Ao hiperbolizar o cenário que observa cotidianamente, o diretor se aprofunda numa crítica à arquitetura das cidades e ao que se relaciona a ela: a sociedade.

Habitada por grupos marginalizados, a prisão de Nova York, apesar de se constituir numa clara desordem social, apresenta características atreladas a qualquer sociedade. Existem relações de hierarquia entre os personagens, mesmo todos estando enquadrados na mesma situação de prisioneiros. Nesse aspecto, percebe-se que não há pré-requisitos para que uma sociedade estabeleça, espontaneamente, as relações que haverão entre si. Assim como a sociedade da vida real, a do filme possui suas próprias particularidades.

O aprisionamento do presidente dos EUA, além de ser o principal fio narrativo, constitue-se em uma das metáforas mais importantes de todo o filme. Por ser a figura de maior poder e, de certa forma, o responsável pelas medidas que tornaram a cidade em uma prisão, aprisioná-lo seria a forma mais eficaz de demonstrar que o poder social não está apenas concentrado além dos muros da prisão.

A figura de Snake também representa a fragilidade do governo, já que ele é, também, um prisioneiro e, ainda assim, a única forma para que o resgate do presidente fosse realizado com sucesso.
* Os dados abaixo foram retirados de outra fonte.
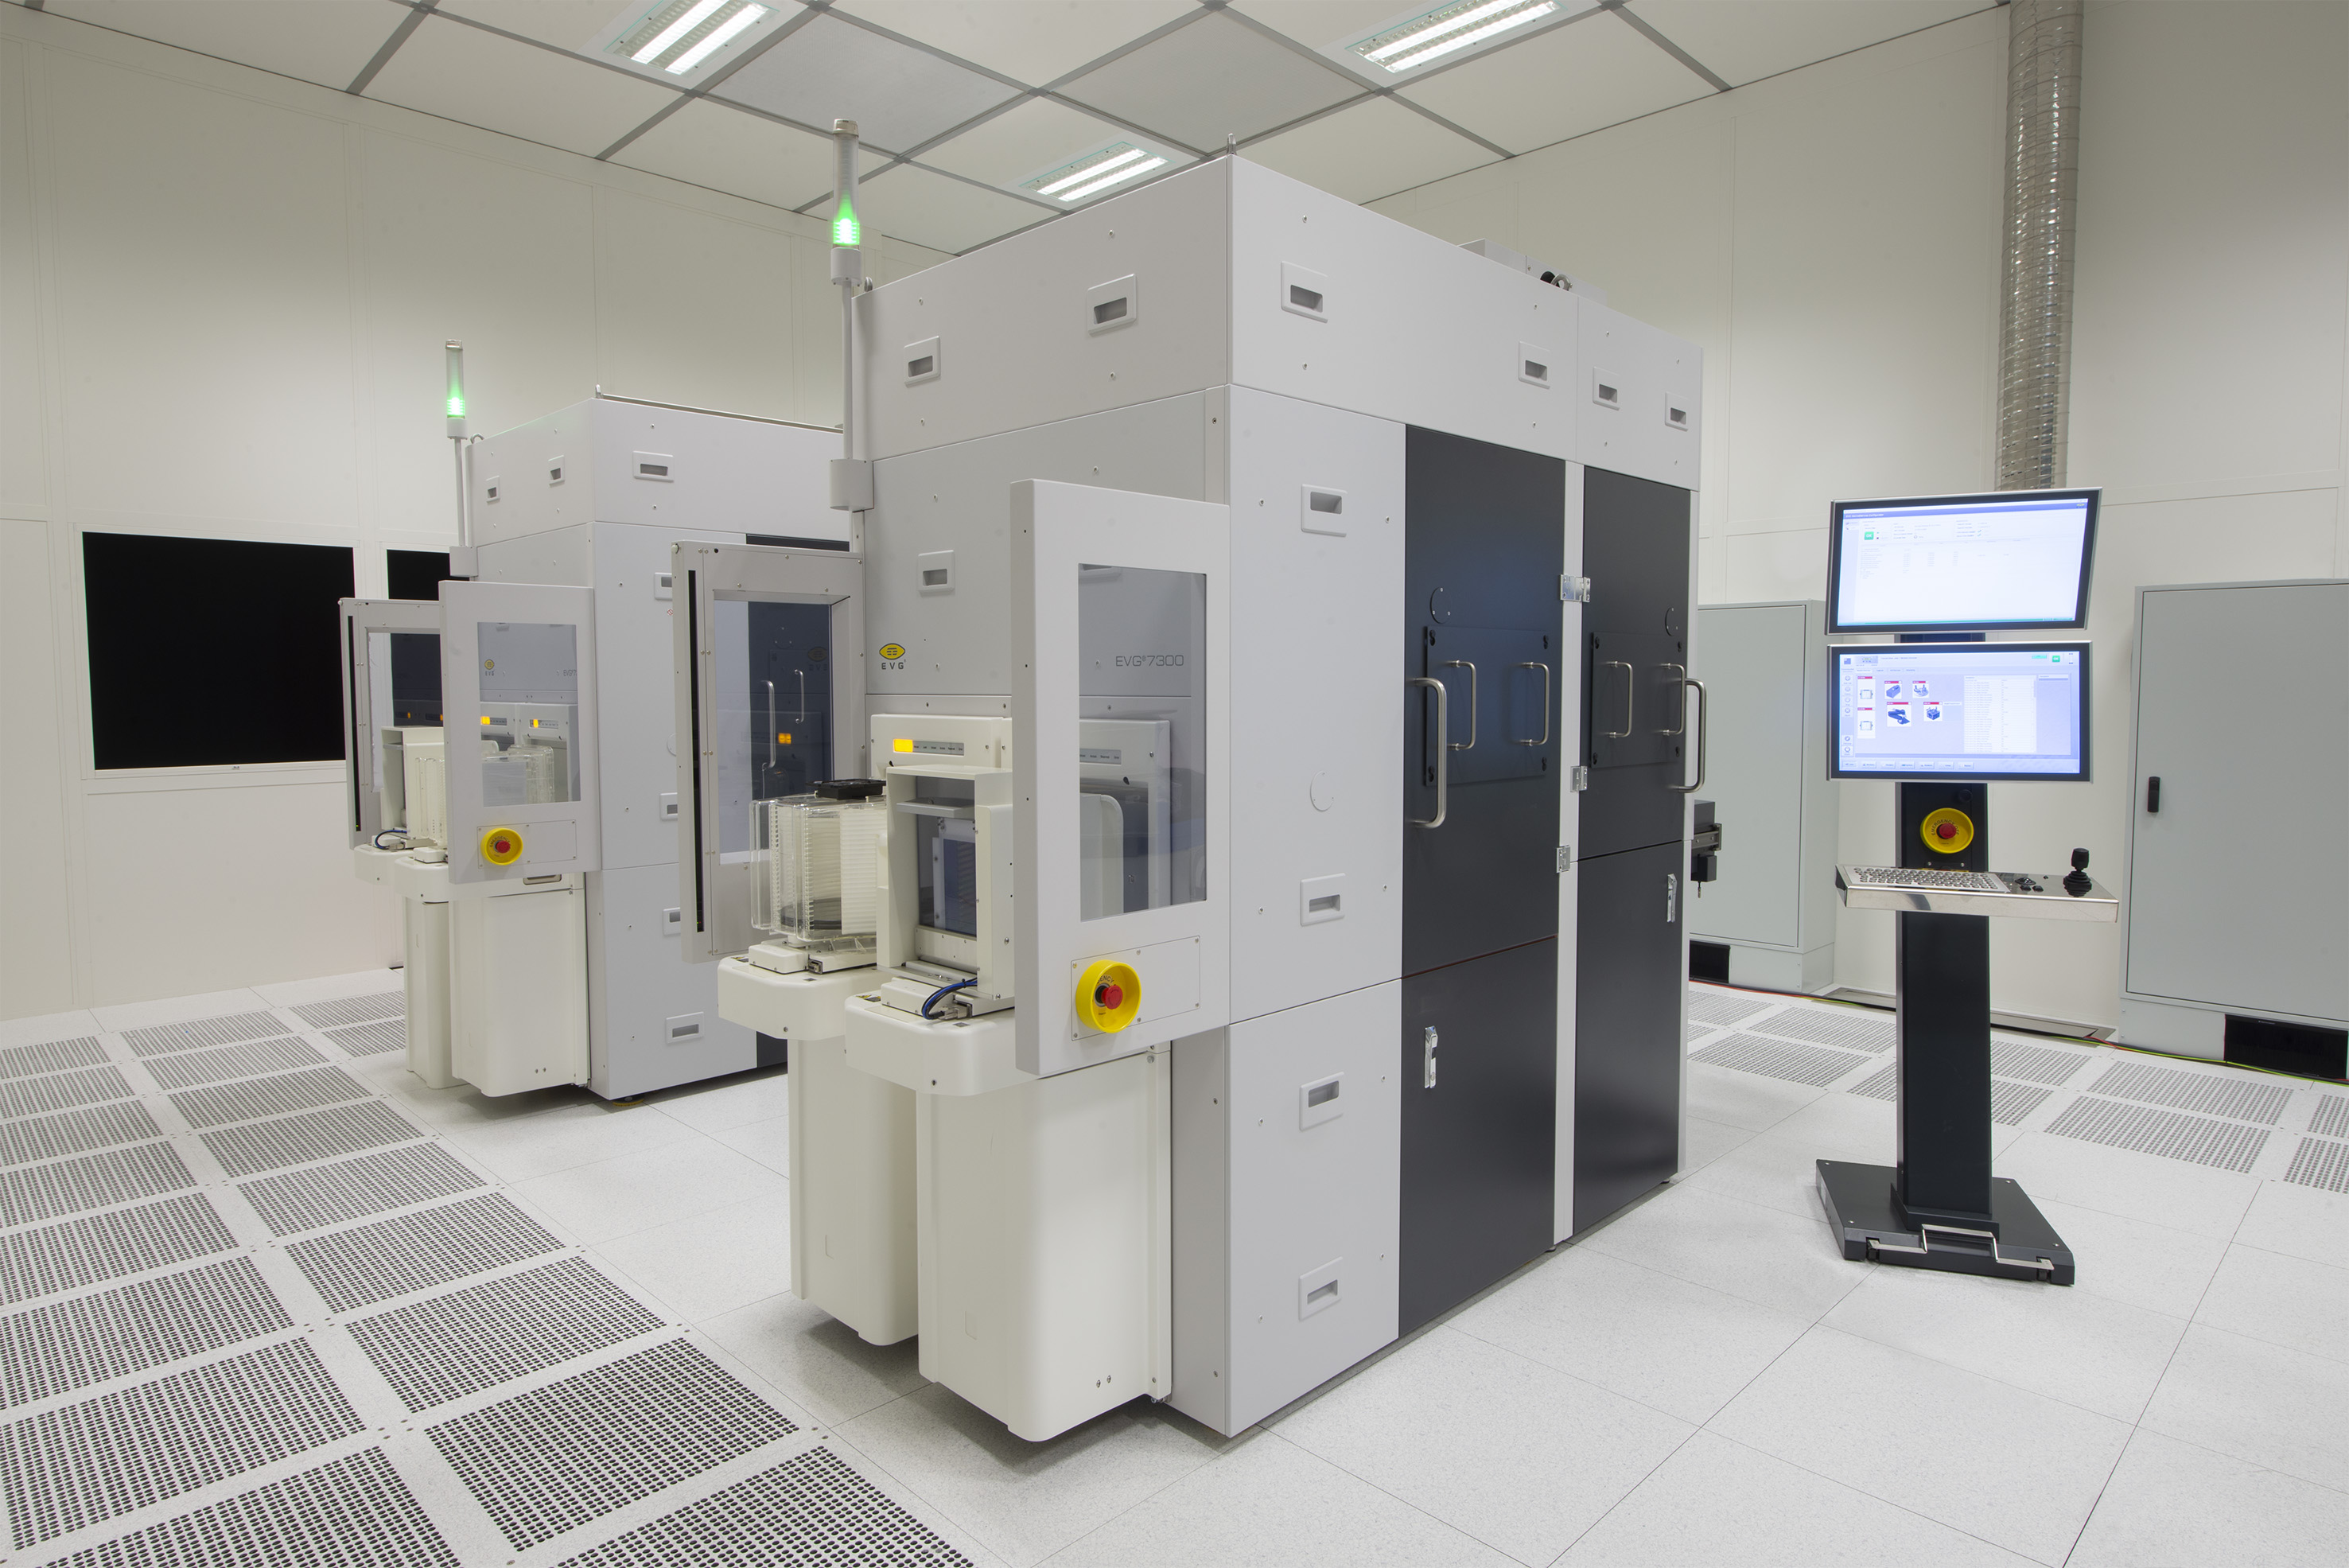 EVG®7300自动化SmartNIL®纳米压印与晶圆级光学系统在单个平台中结合了多种紫外线工艺技术，是一套先进的    多功能解决方案。

É dessa maneira que se critica a forma como os líderes se impõem sobre a sociedade que teoricamente lidera, mas que nem sempre se deixa ser liderada, e que conquista poder de voz quando decide unir forças em prol de seus objetivos.

John Carpenter, mesmo construindo a narrativa de seu filme baseada em críticas já citadas anteriormente, consegue, com maestria, se distanciar de um aspecto documental e/ou explicitamente filosófico, já que os temas favorecem, em tese, uma aproximação com esses aspectos.

O desenvolvimento narrativo sendo marcado por cenas de adrenalina, com muitos combates físicos entre os personagens, momentos em que há uso de trilha sonora característica do gênero suspense, entre outros aspectos, se mesclam em prol de uma construção narrativa leve e prazerosa.

Por aspectos como estes, Fuga de Nova York se configura como um importante registro audiovisual que se enquadra em discussões acerca do aspecto do entretenimento, como também de uma peça de estudo social. Assim, vale o esforço para se direcionar o olhar para a discussão crítica extremamente relevante presente no filme de John Carpenter.